Here's a surface level overview of how it all works:

The world is full of light. Visible light is made of seven wavelength groups. These are the colors you see in a rainbow: red, orange, yellow, green, blue, indigo, and violet—the Mr. ROY G. BIV you might have been introduced to in elementary school science. The reddish colors are the long wavelengths. The greenish colors are the mid-size wavelengths. The bluish color are the short wavelengths.



When light hits objects, some of the wavelengths are absorbed and some are reflected, depending on the materials in the object. The reflected wavelengths are what we perceive as the object's color.

Our eyes are the input channels, if you will, for this light. One portion of the eye is called the retina and it contains four types of light sensors. First are the rods, which record brightness and darkness and from which we "see" a sort of coarse sketch of the world. Next are three types of cones, each one optimized to absorb a different spectrum range of visible light. One set of cones absorbs long wavelengths, the reds. Another absorbs mid-size wavelengths, the greens. The third absorbs short wavelengths, the blues. Together, these rods and cones gather the information that our brain then processes into one combined image.

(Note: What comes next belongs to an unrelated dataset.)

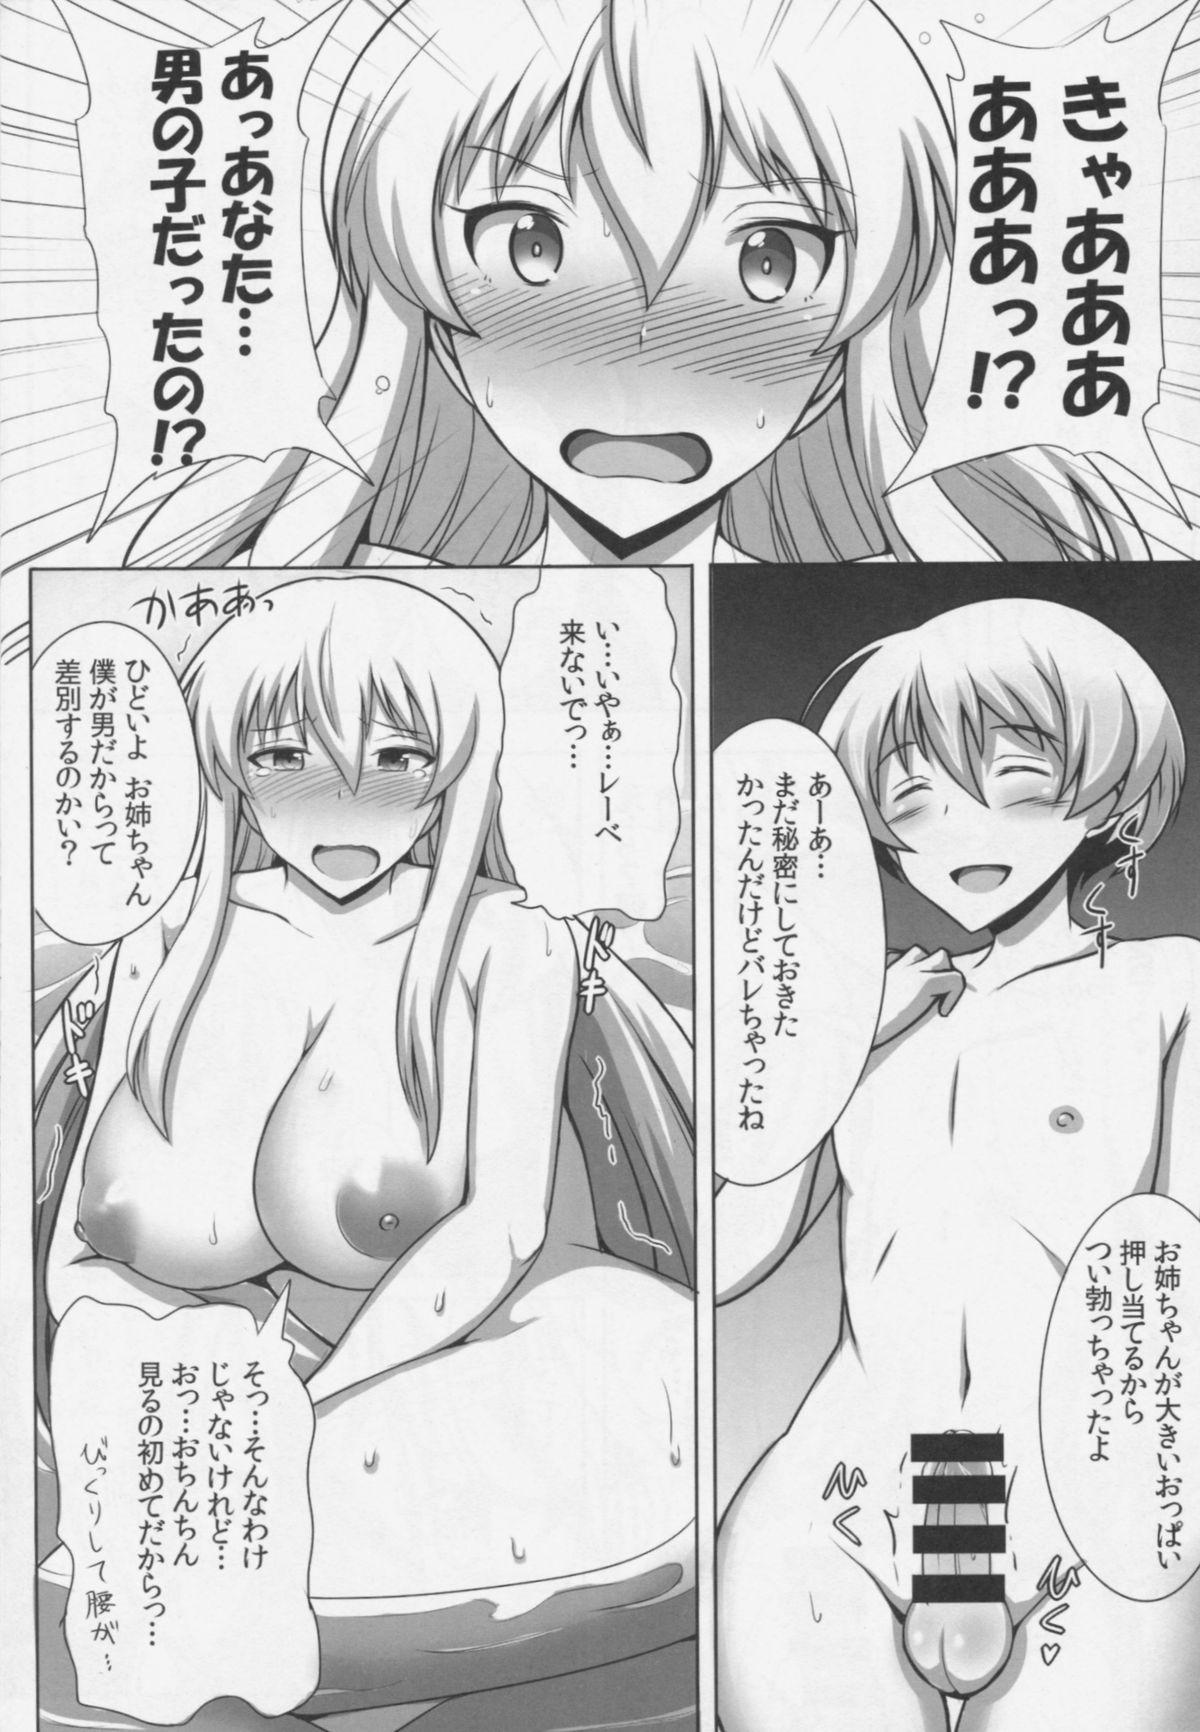 Doitsu Senkan wa Urotaenai 9

If you think this stuff is cool, Kimball's Biology Page's vision section explains the process in more detail and has a great scanning electron micrograph image of real rods and cones.

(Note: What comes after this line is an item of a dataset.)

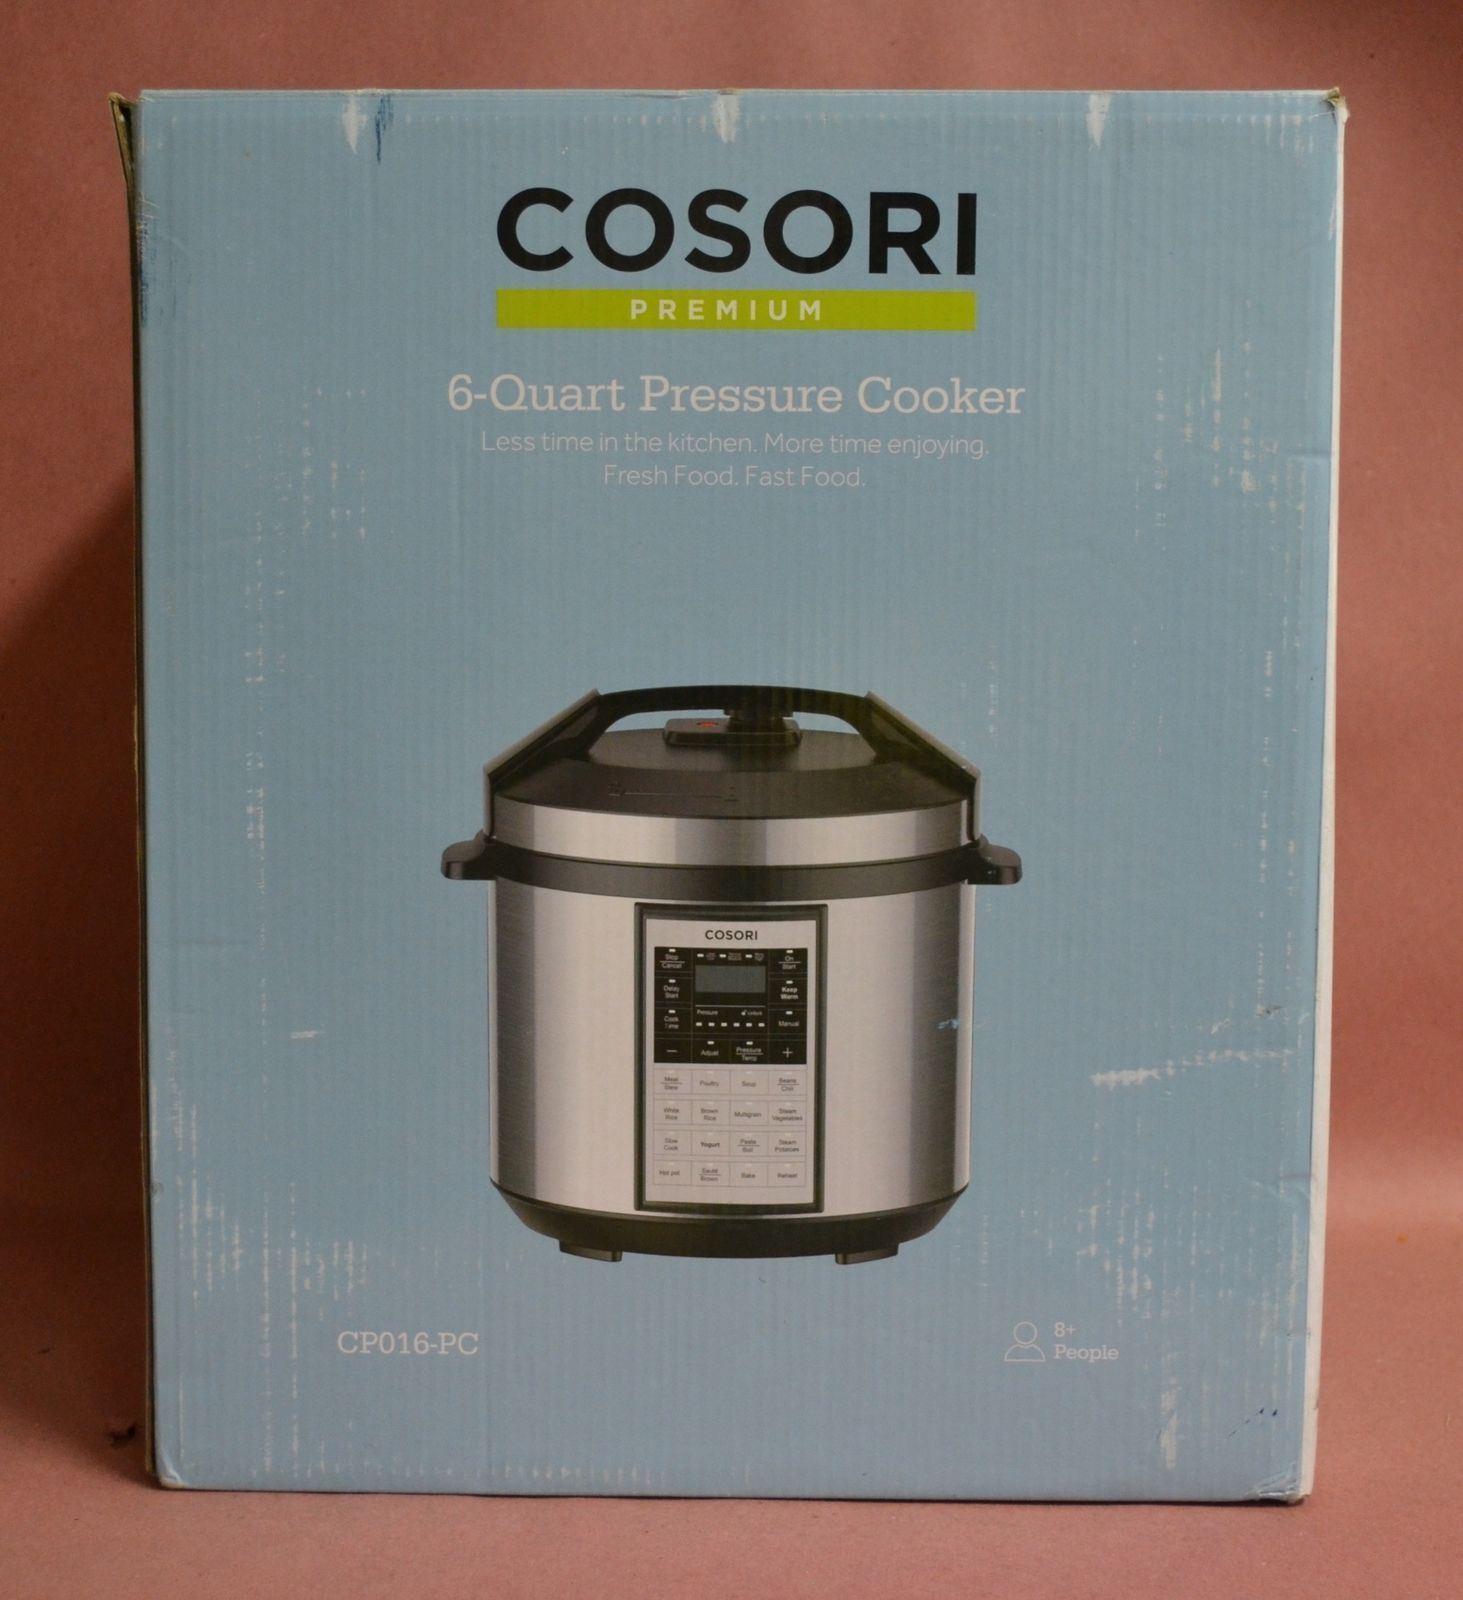 Cosori Premium Model CP016-PC 6-Quart Multi-Functional Pressure Cooker

What this all means for the designer is that color is a function of light and biology—which means that no two people see color exactly the same. It also means that reproduced color can be described, defined, and modeled through a variety of mathematical and visual lenses called color spaces. Combine these two factors and you can quickly see how color—and its theory and use—can quickly take on the tone of a religious war.

The goal is to understand that color isn't an exact science and your job is to use it in the best way for your specific application.